First and foremost, Skanderborg Utility ensured that the meter was tested with the correct noise sources, but another, equally valuable contribution was their knowledge of sound and noise in the network. This was a completely new area for Kamstrup: what sound does a hole make? ”We had to learn what a leak sounds like,” explains Stig Knudsen.

Listening meetings were set up for Kamstrup and Skanderborg Utility to discuss just that, as the sound of a drilled hole is very different from the sound of a breach or leak. ”Based on our experience, we knew that drilling a clean hole in a pipe wasn’t true to life – in reality a breach is usually a tear in the pipe, which creates a more whistling sound than a round hole does,” explains Frank Nielsen. 

Skanderborg Utility therefore provided Kamstrup with real pieces of piping with leak holes to investigate and test in order to learn how the type of pipe, material, composition, pressure, etc. might affect the sound of a leak. This work was crucial to the development of the new meter, explains Stig Knudsen: ”The meter listens all day, but takes the lowest background noise so we have a baseline. But when we started out, we didn’t know what to look for. Today we know what a leak sounds like.”

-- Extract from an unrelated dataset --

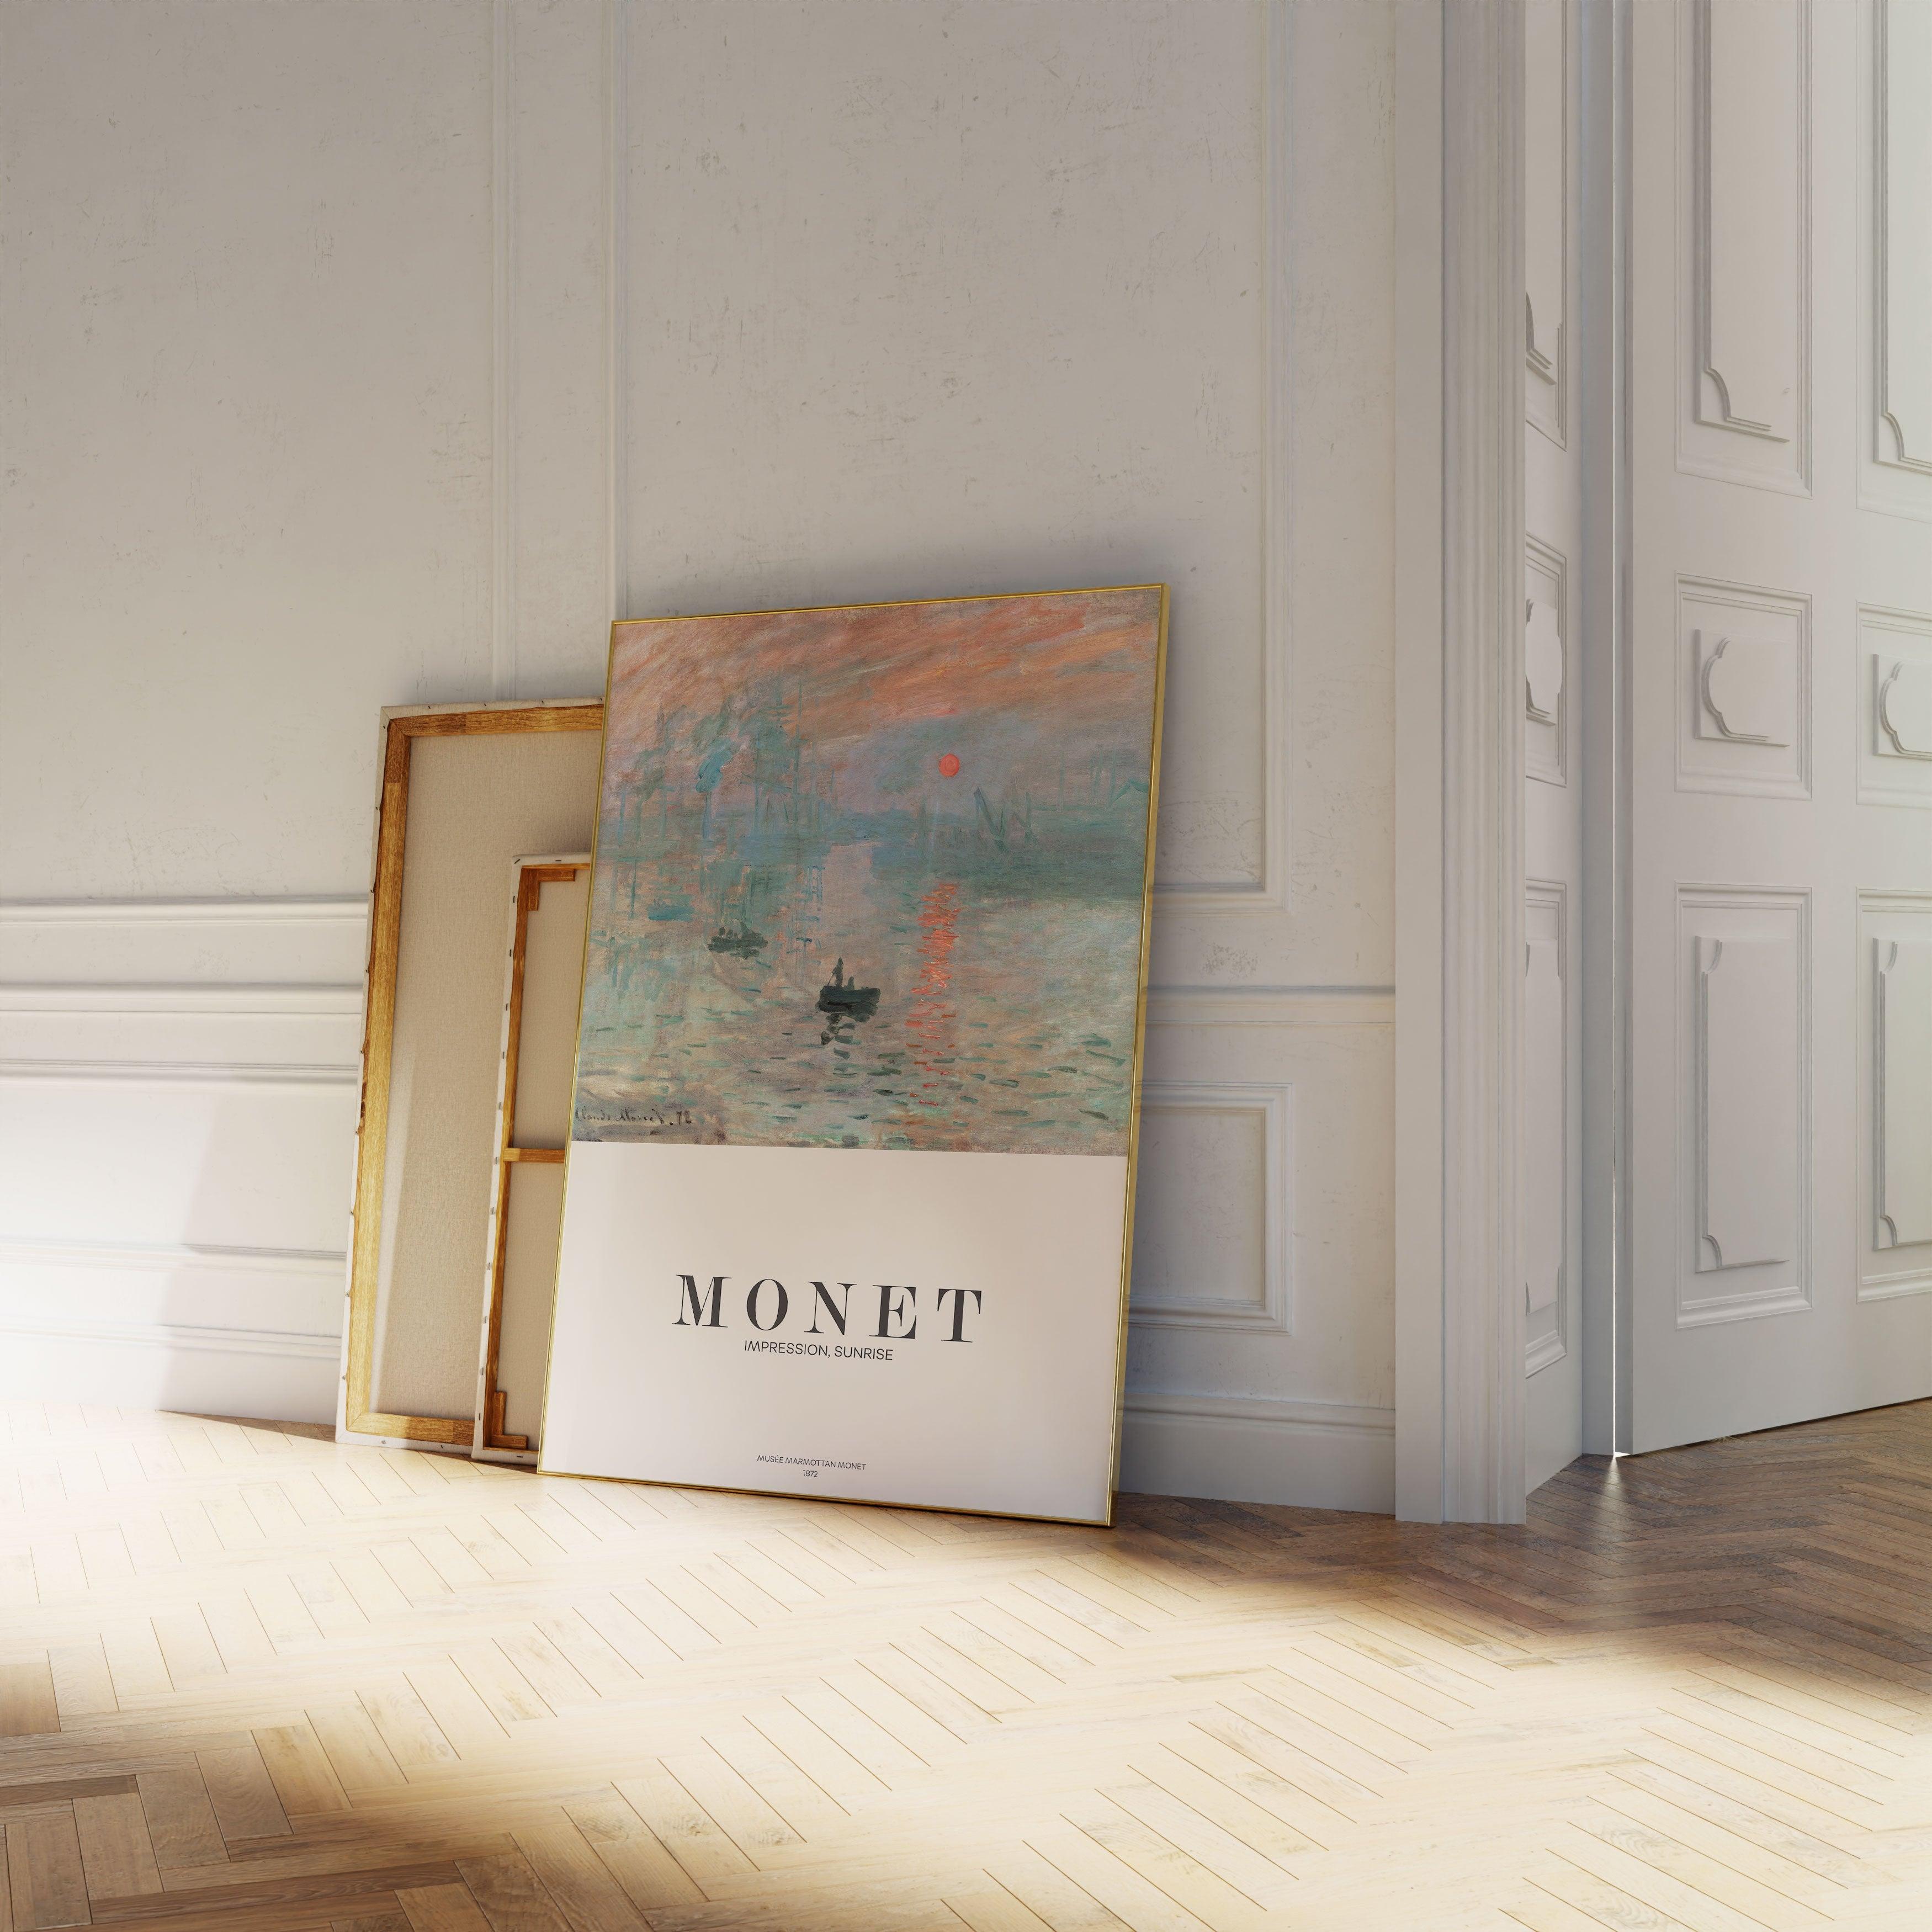 Claude Monet - Impression, Sunrise 2 - stravee - Wall Art Print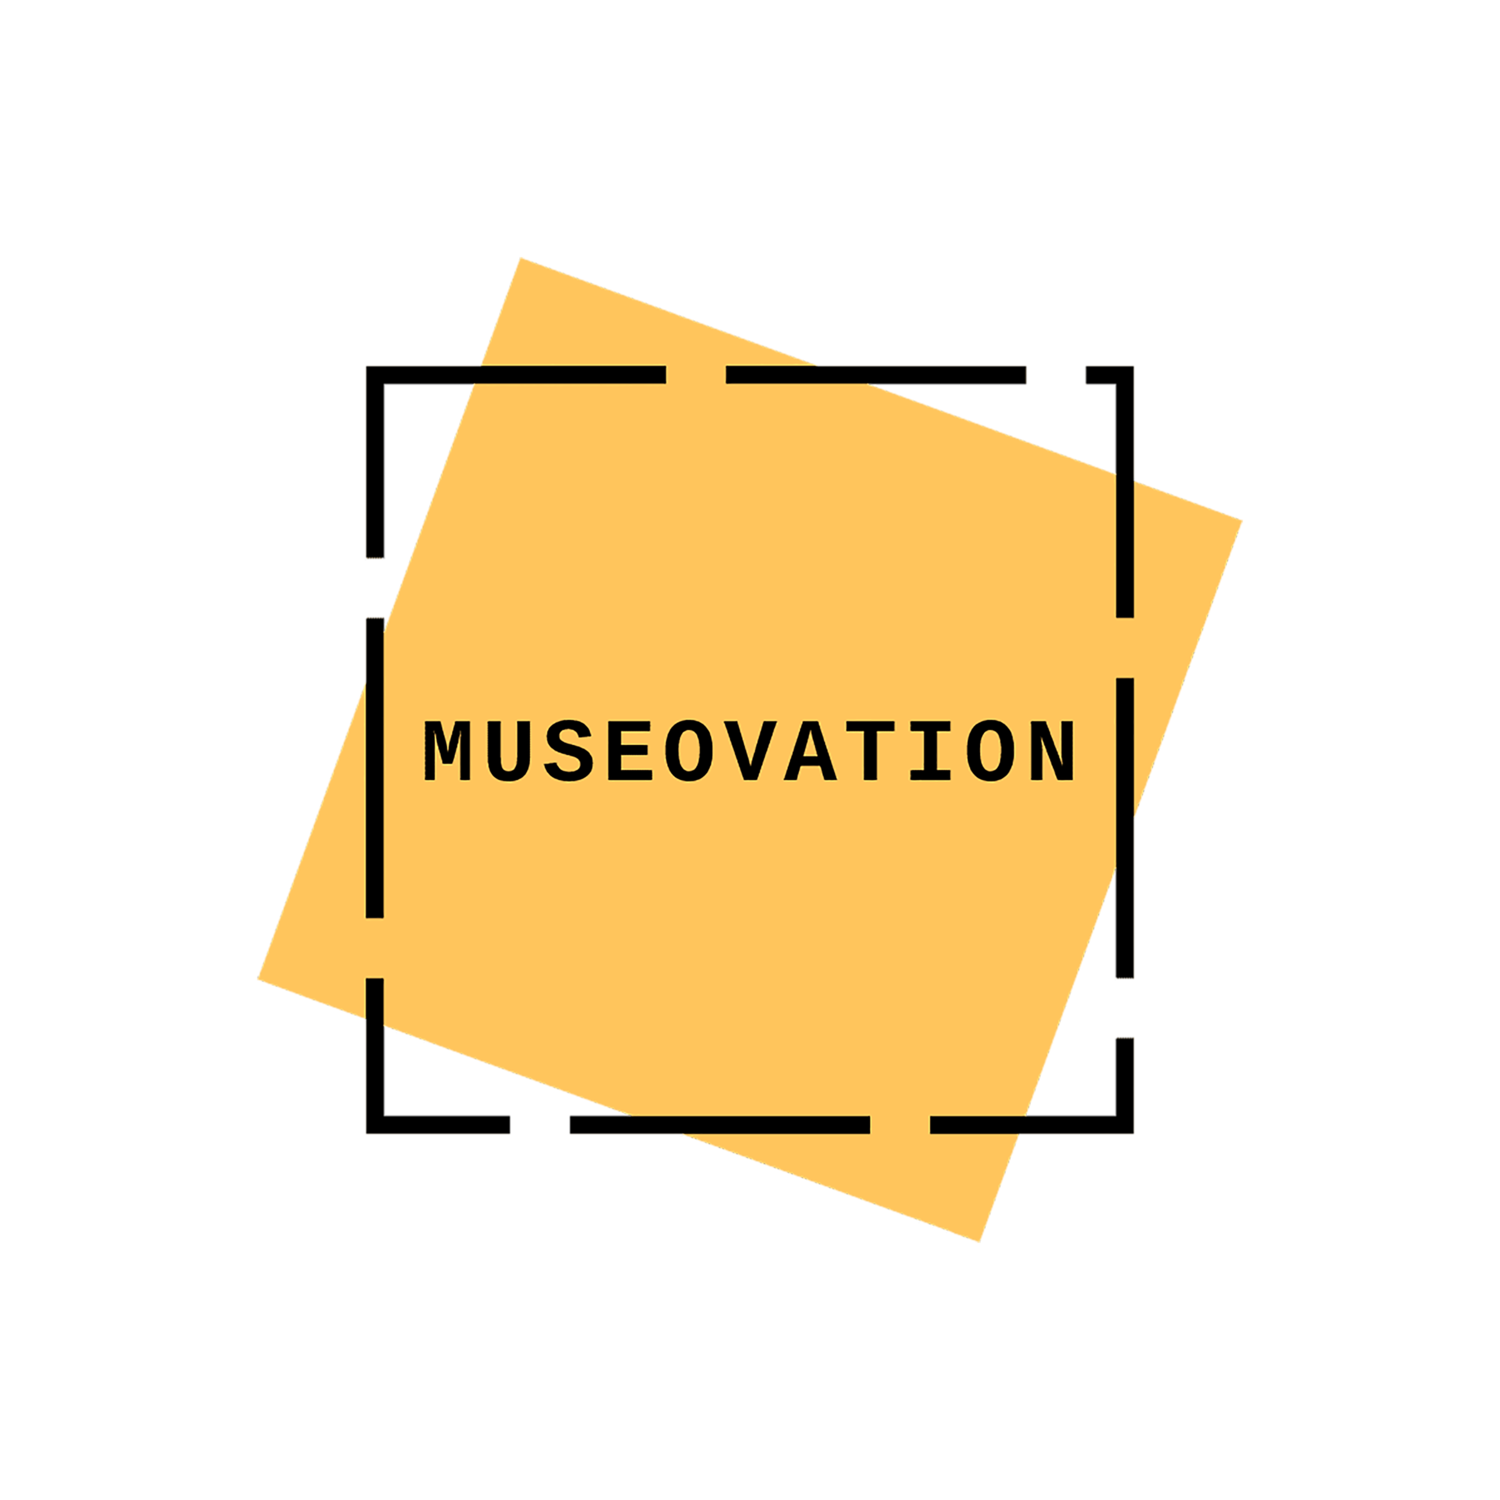 Museovation

“For us, the greatest value will come from being at the leading edge of asset management. This will allow us to safeguard our assets and spend our money in the right places and at the right times”

Jens F. Bastrup, CEO

Long-term focus on asset management

Skanderborg Utility’s long-term focus is not the potential for reducing the utility’s water loss, which is already less than 6%, following a massive effort on water loss reduction in 2010. Instead, asset management is their primary focus area. Jens F. Bastrup, CEO, explains: 

”For us, the greatest value will come from being at the leading edge of asset management. This will allow us to safeguard our assets and spend our money in the right places and at the right times. That is the long-term goal. If we can use data to identify the signs of an impending breach, we will essentially be able to replace the exact pipe that needs replacing – the day before it breaks.”